• Task directions: Every line of the listing below should be written out exactly, minus its pictures.

• Recorded information:
——

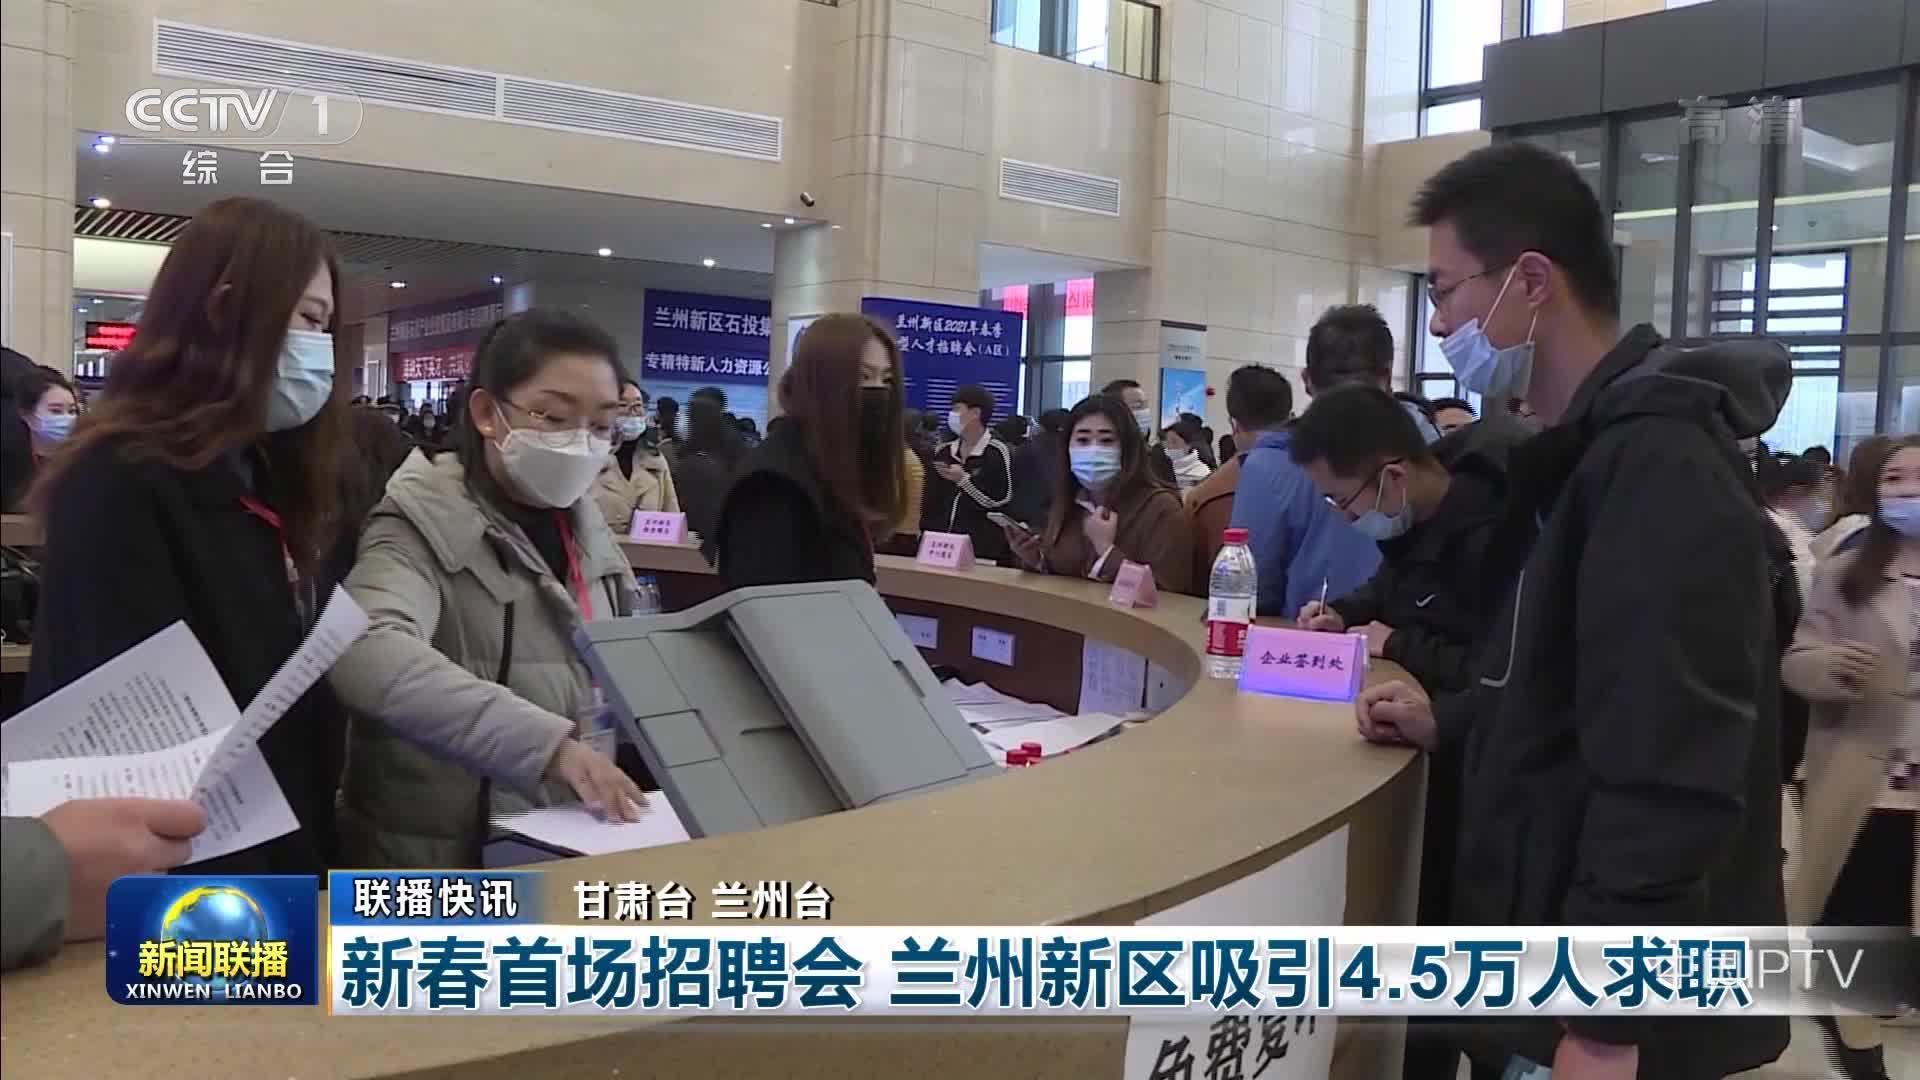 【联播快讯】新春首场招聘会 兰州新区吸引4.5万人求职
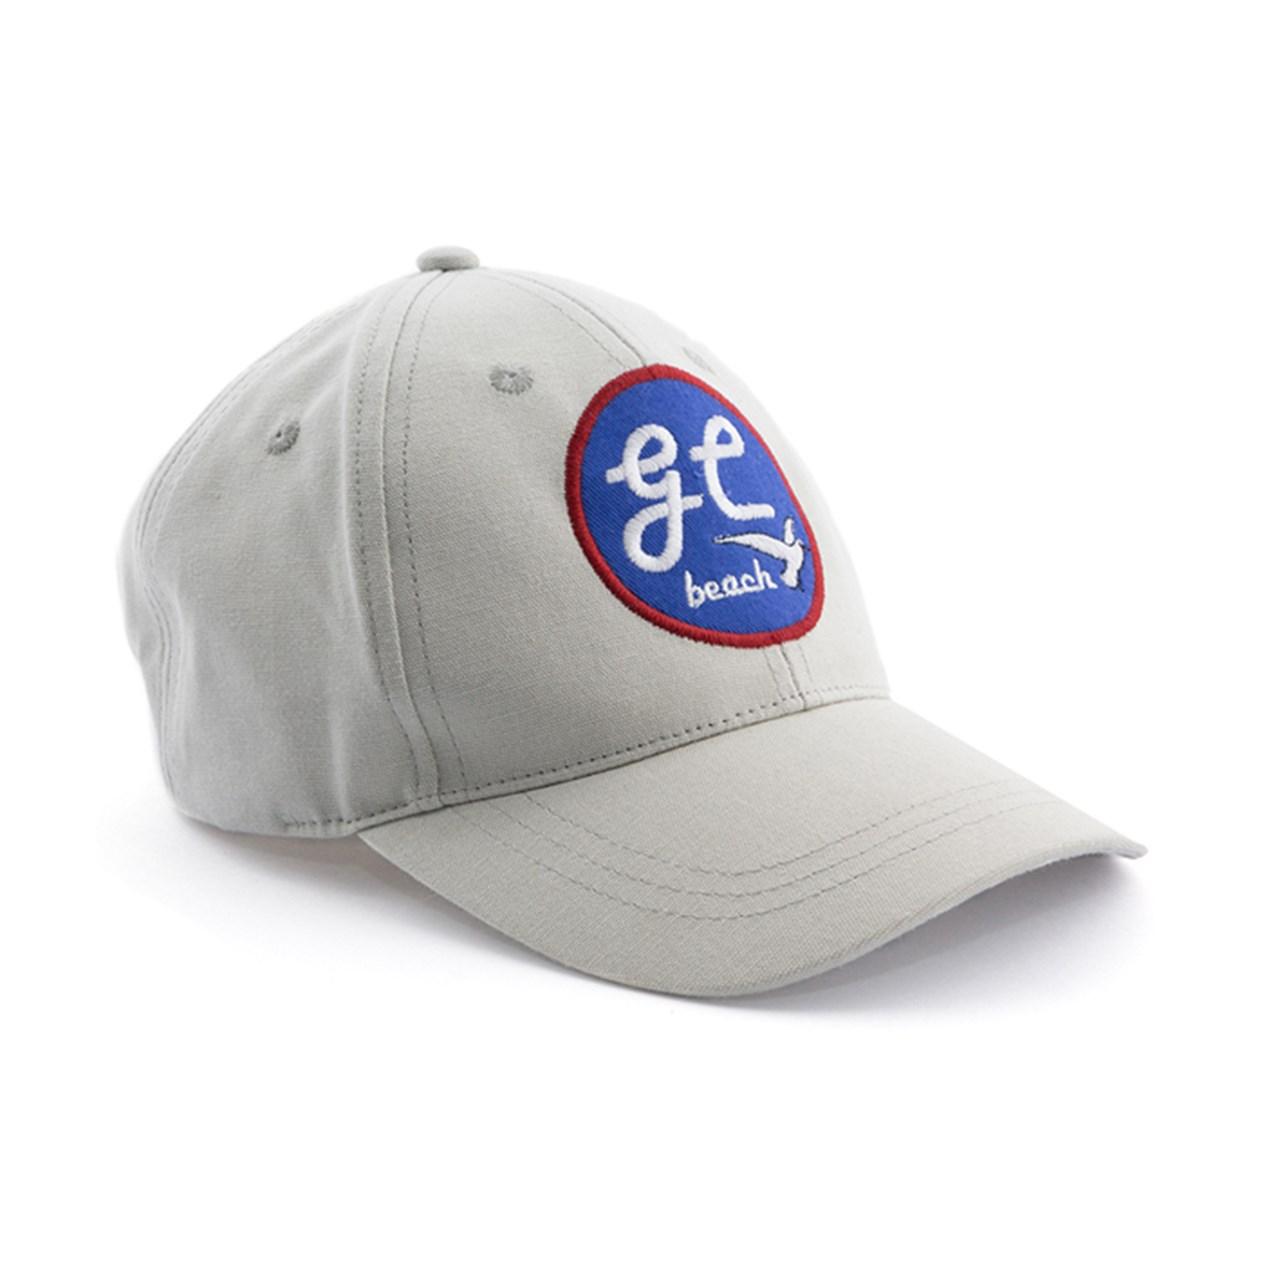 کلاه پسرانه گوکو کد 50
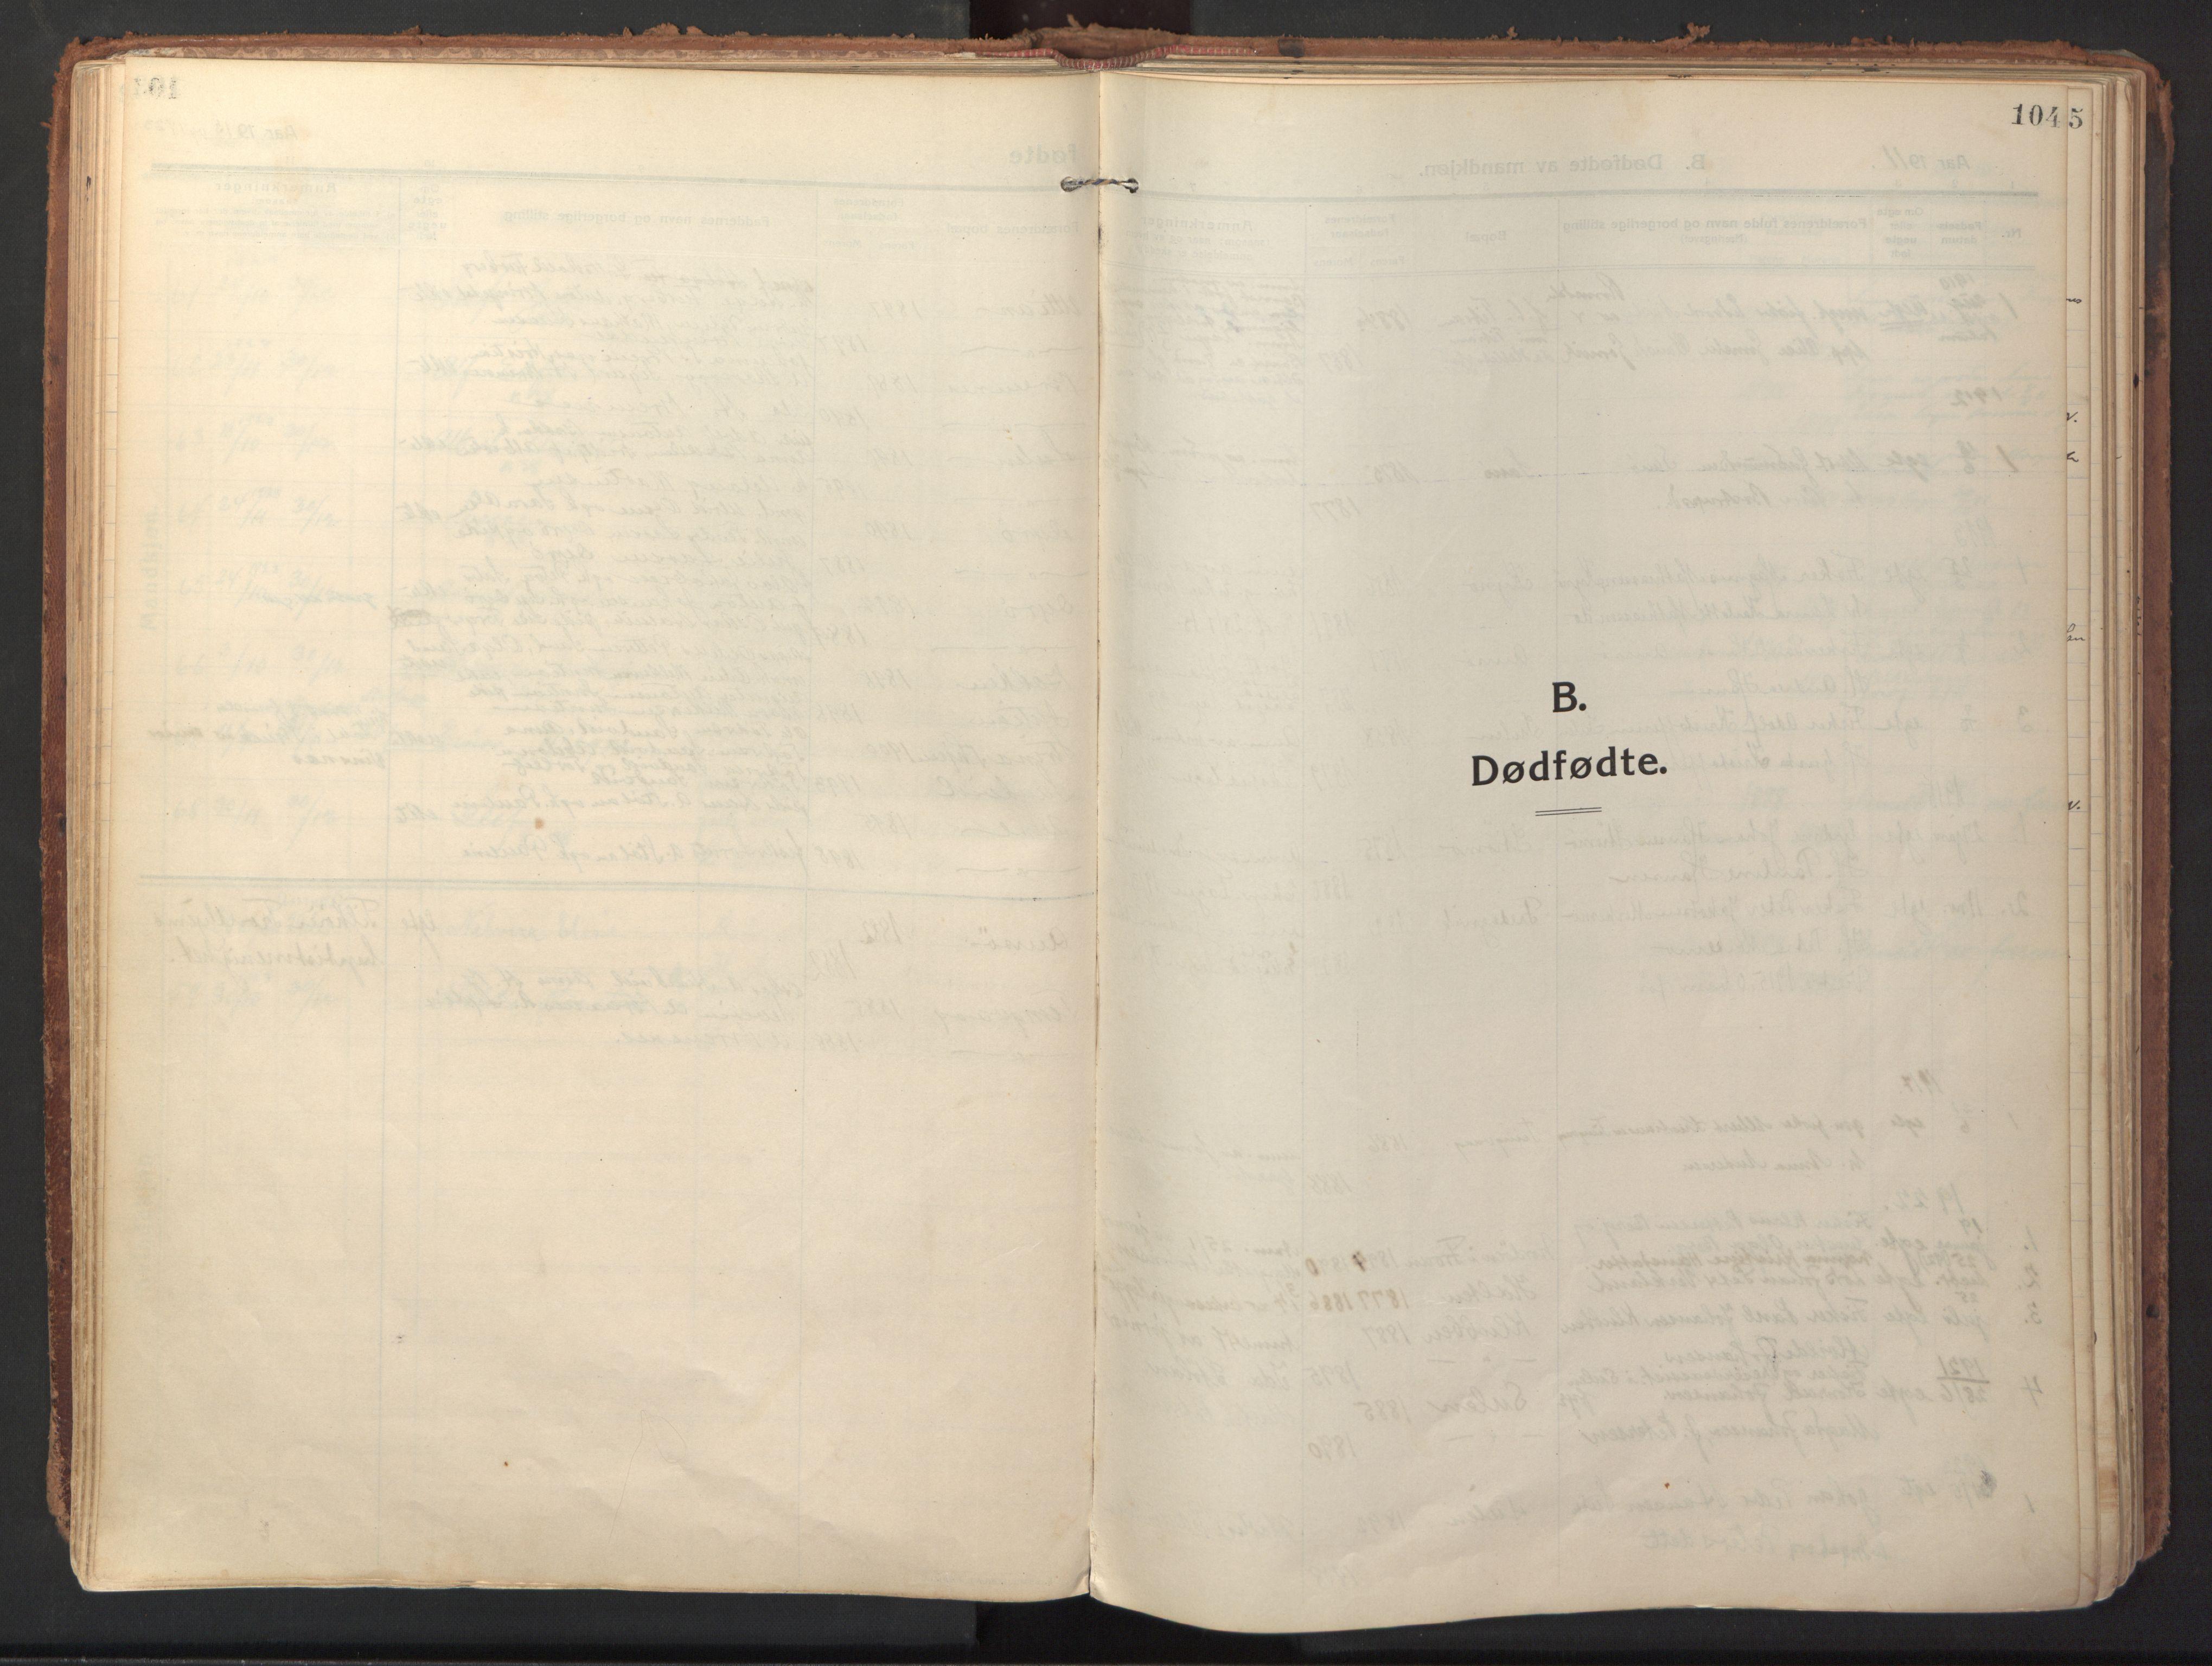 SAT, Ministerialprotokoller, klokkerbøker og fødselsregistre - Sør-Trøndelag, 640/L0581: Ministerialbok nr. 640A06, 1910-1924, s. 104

——

• Expected answer:
 【联播快讯】新春首场招聘会 兰州新区吸引4.5万人求职
 کلاه پسرانه گوکو کد 50
 SAT, Ministerialprotokoller, klokkerbøker og fødselsregistre - Sør-Trøndelag, 640/L0581: Ministerialbok nr. 640A06, 1910-1924, s. 104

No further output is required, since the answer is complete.